*Exercise description*. Would you write out the full listing exactly, without any pictures?

*Provided data*.
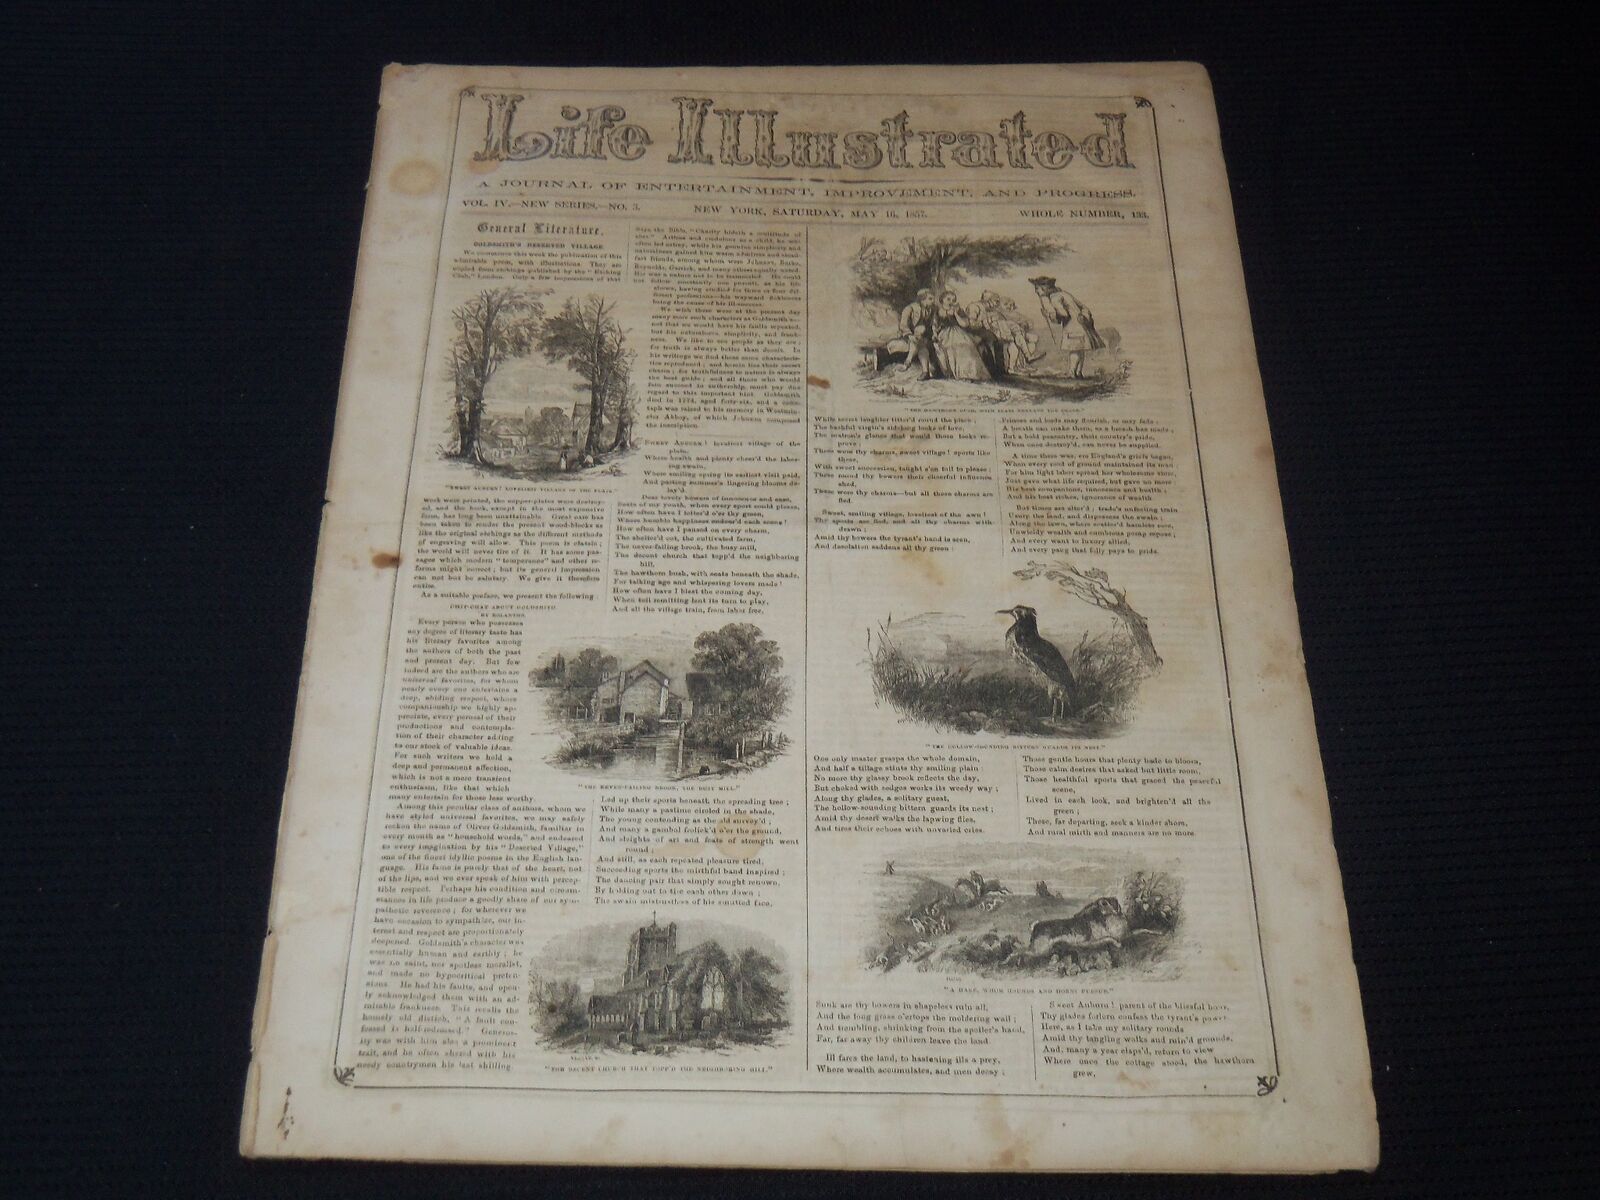 1857 MAY 16 LIFE ILLUSTRATED NEWSPAPER - J. D. SARVEN'S WOOD MACHINE - NP 5923
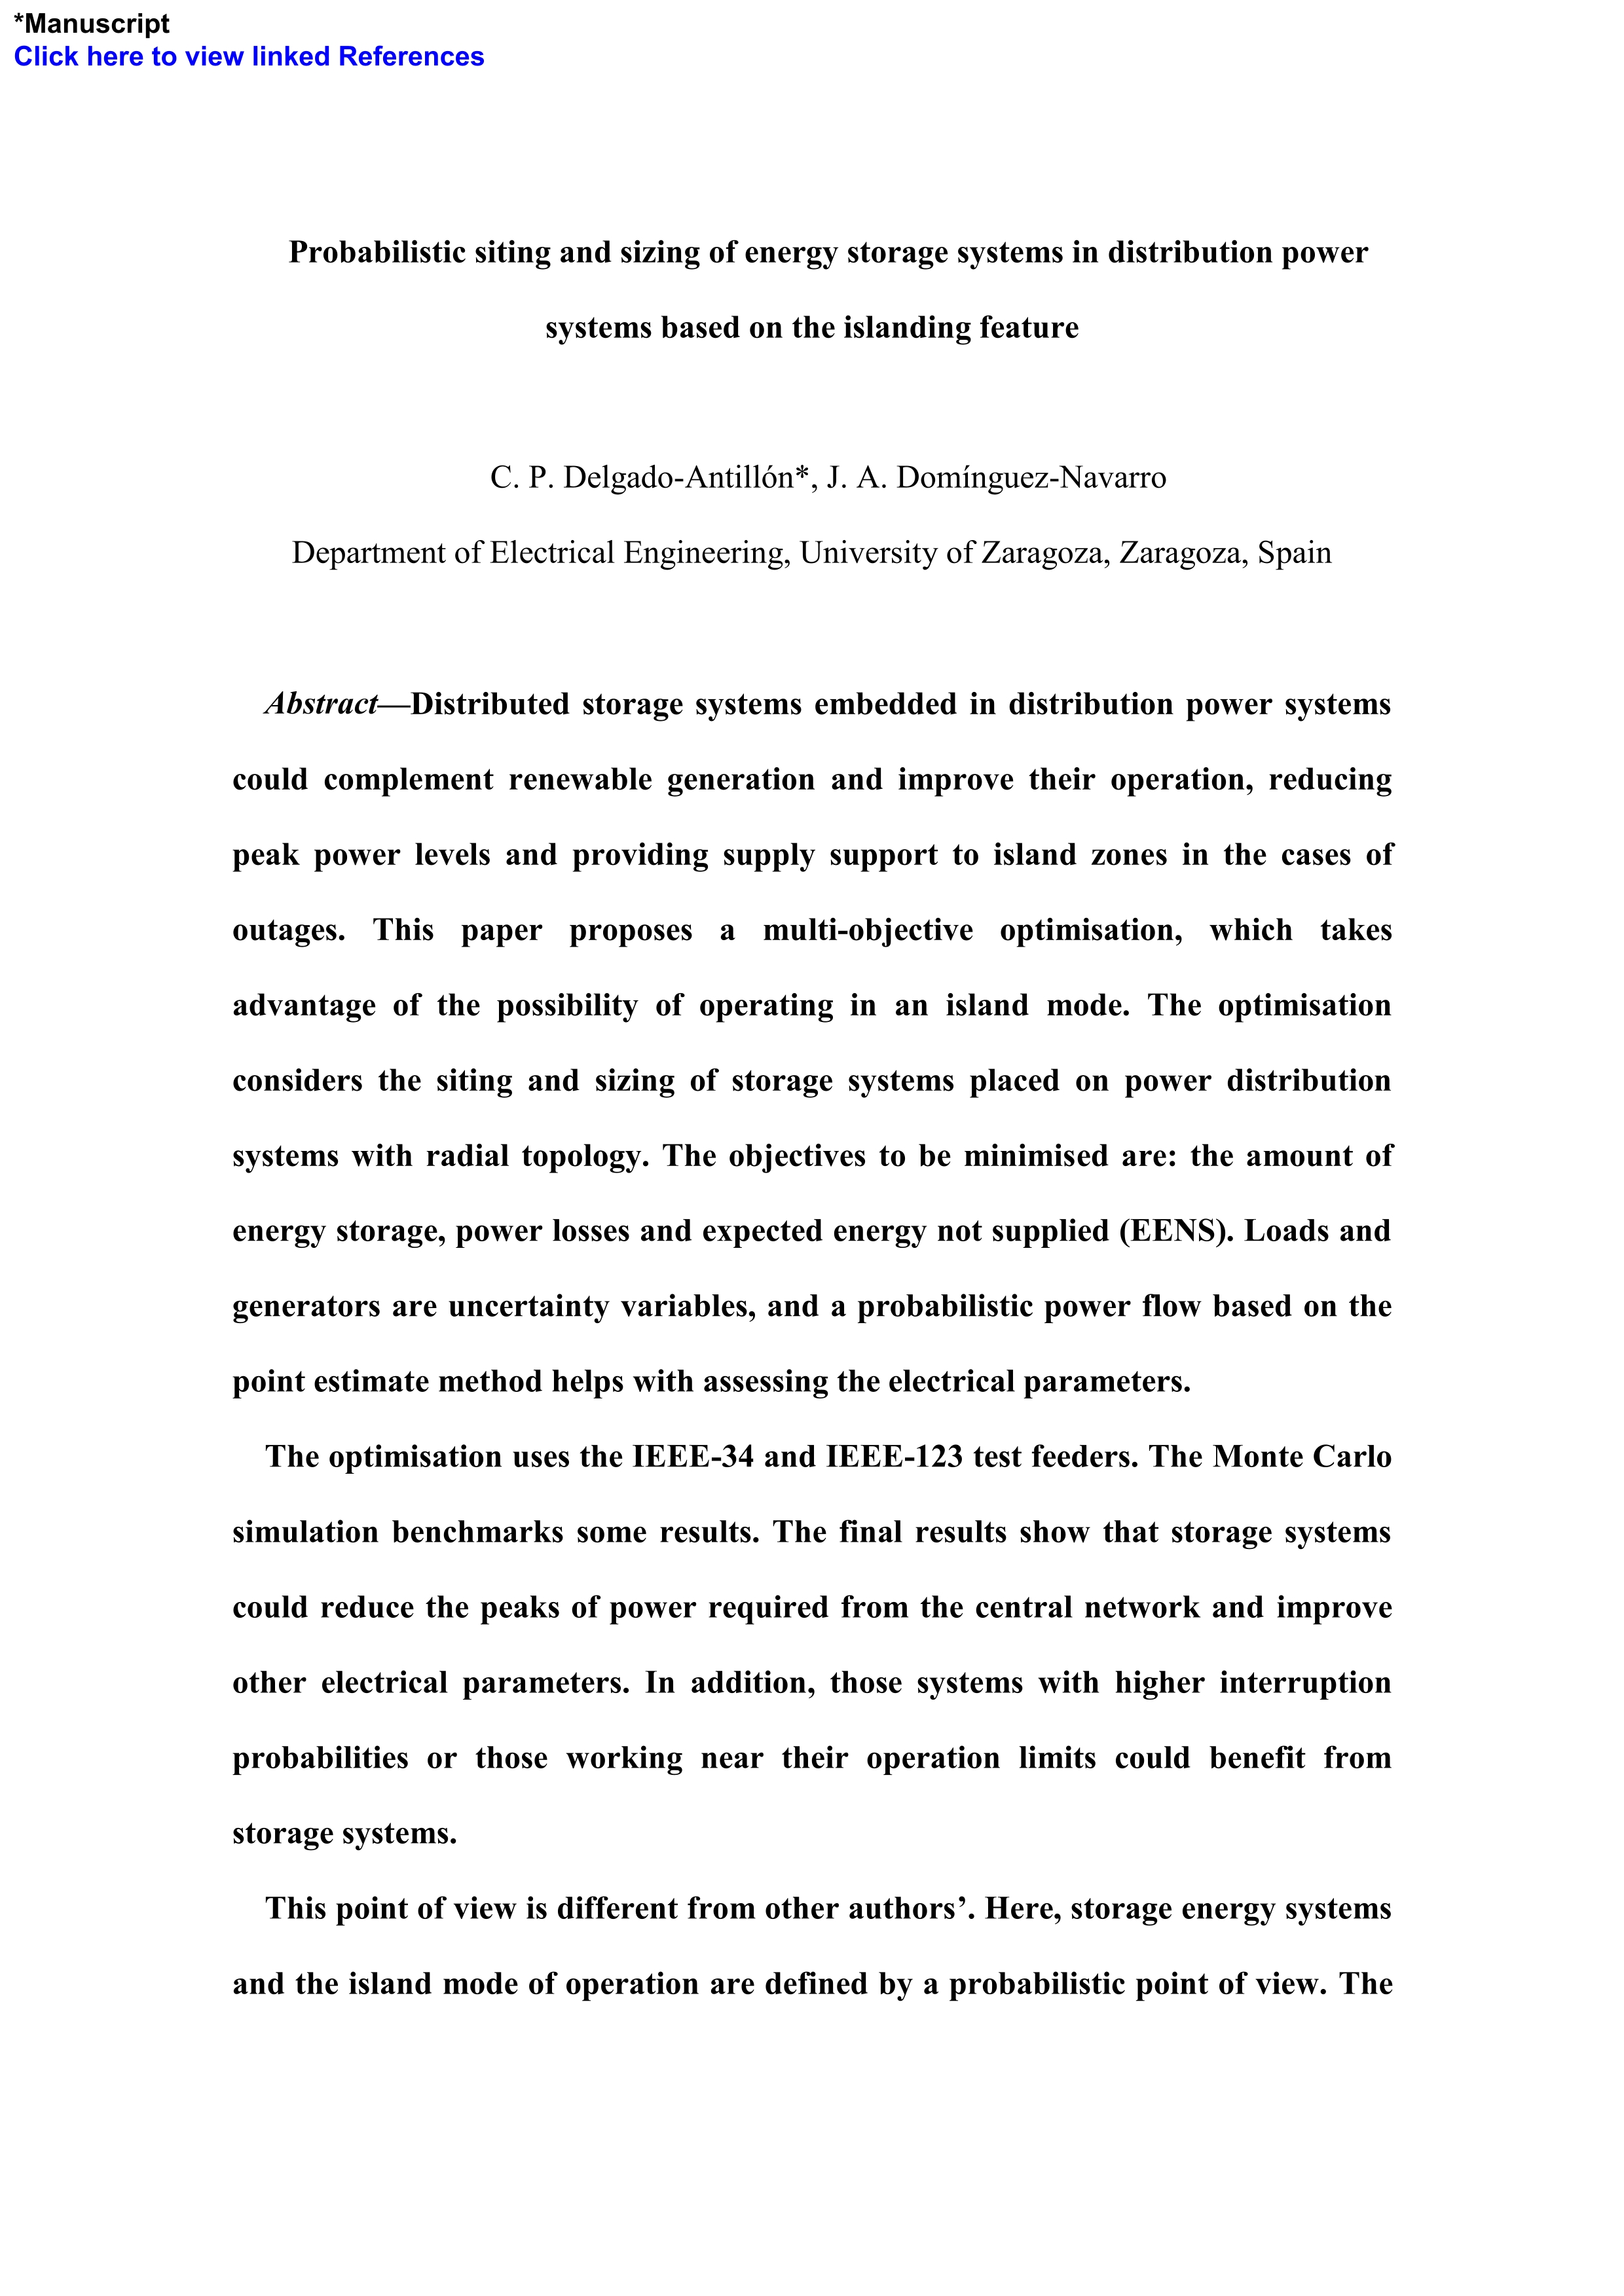 Probabilistic siting and sizing of energy storage systems in distribution power systems based on the islanding feature
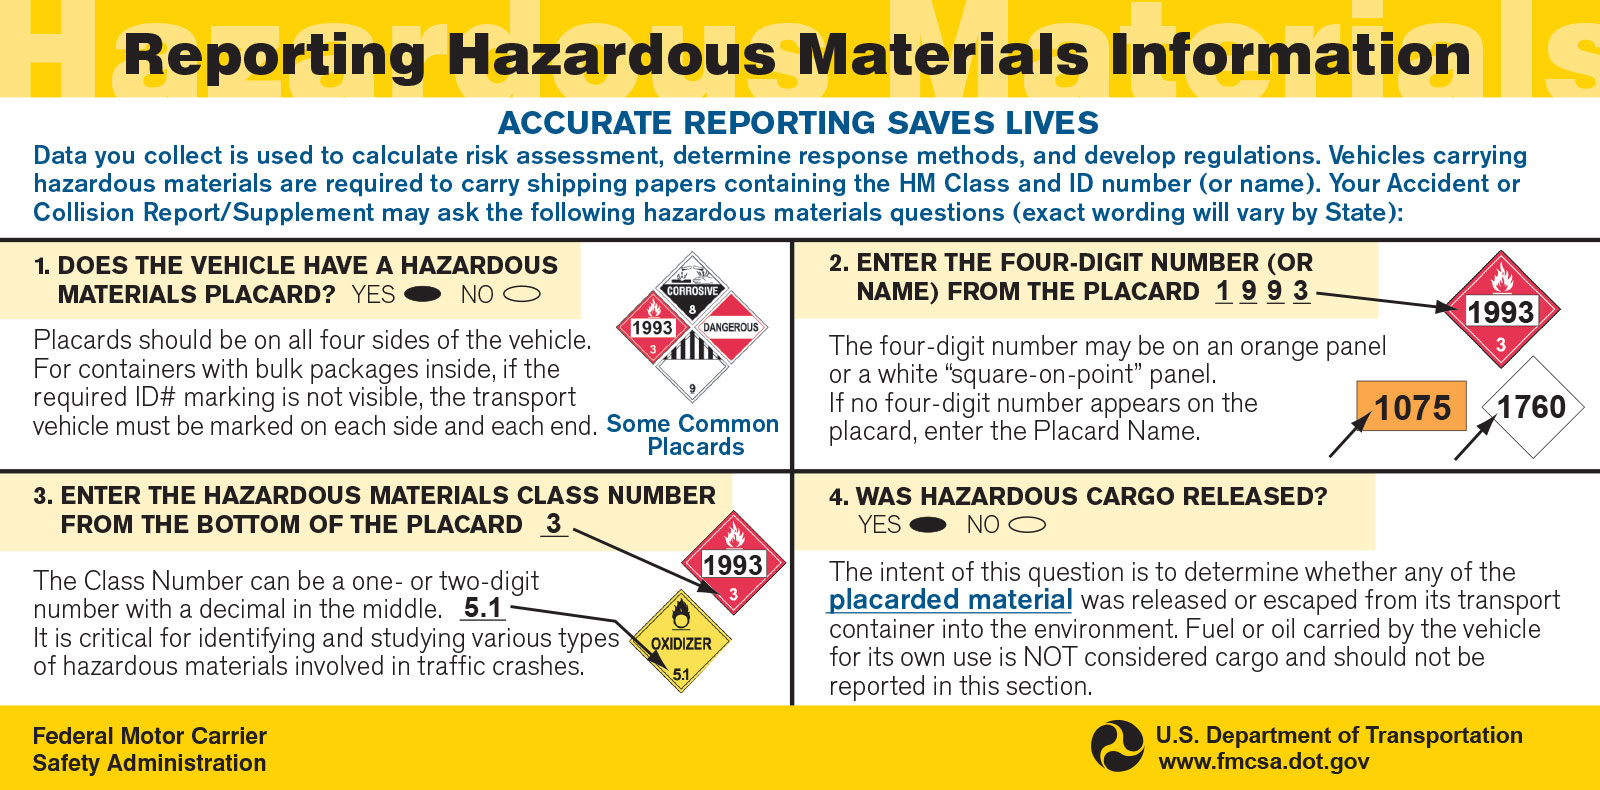 A sign that reads "Reporting Hazardous Materials Information"

*Output for this task*.
 1857 MAY 16 LIFE ILLUSTRATED NEWSPAPER - J. D. SARVEN'S WOOD MACHINE - NP 5923
 Probabilistic siting and sizing of energy storage systems in distribution power systems based on the islanding feature
 A sign that reads "Reporting Hazardous Materials Information"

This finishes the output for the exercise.